Digitize-PID: Automatic Digitization of Piping and Instrumentation Diagrams
This addresses a bottleneck in dynamic inventory management and smart P&ID creation for manufacturing and mechanical industries, offering an automated solution to reduce time, labor, and errors, though it is domain-specific and incremental relative to prior work.
The paper tackles the problem of automatically digitizing scanned Piping and Instrumentation Diagrams (P&IDs), which are critical for industries like oil and gas but currently require manual, error-prone processing. It presents Digitize-PID, an end-to-end pipeline that outperforms existing state-of-the-art methods on a synthetic dataset of 500 P&IDs and a real-world dataset of 12 sheets.
Digitization of scanned Piping and Instrumentation diagrams(P&ID), widely used in manufacturing or mechanical industries such as oil and gas over several decades, has become a critical bottleneck in dynamic inventory management and creation of smart P&IDs that are compatible with the latest CAD tools. Historically, P&ID sheets have been manually generated at the design stage, before being scanned and stored as PDFs. Current digitization initiatives involve manual processing and are consequently very time consuming, labour intensive and error-prone.Thanks to advances in image processing, machine and deep learning techniques there are emerging works on P&ID digitization. However, existing solutions face several challenges owing to the variation in the scale, size and noise in the P&IDs, sheer complexity and crowdedness within drawings, domain knowledge required to interpret the drawings.
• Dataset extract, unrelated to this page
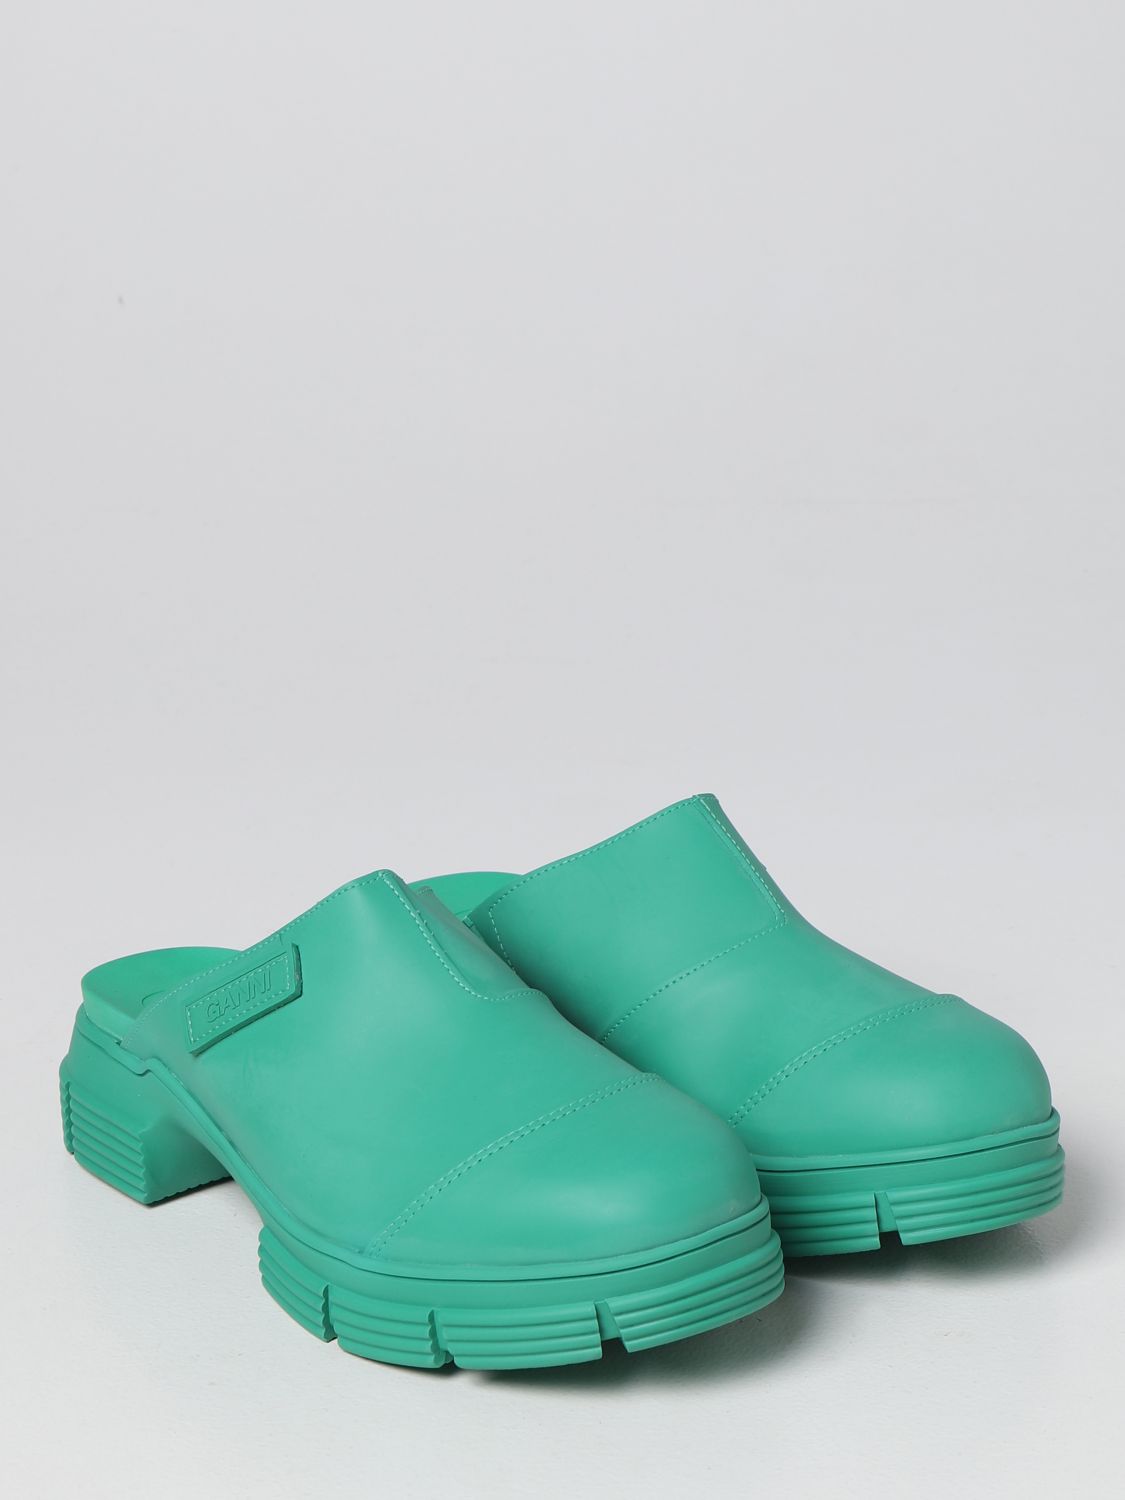 Flache Schuhe Ganni: Ganni Damen Flache Schuhe grün 2

This motivates our current solution called Digitize-PID which comprises of an end-to-end pipeline for detection of core components from P&IDs like pipes, symbols and textual information, followed by their association with each other and eventually, the validation and correction of output data based on inherent domain knowledge. A novel and efficient kernel-based line detection and a two-step method for detection of complex symbols based on a fine-grained deep recognition technique is presented in the paper. In addition, we have created an annotated synthetic dataset, Dataset-P&ID, of 500 P&IDs by incorporating different types of noise and complex symbols which is made available for public use (currently there exists no public P&ID dataset). We evaluate our proposed method on this synthetic dataset and a real-world anonymized private dataset of 12 P&ID sheets. Results show that Digitize-PID outperforms the existing state-of-the-art for P&ID digitization.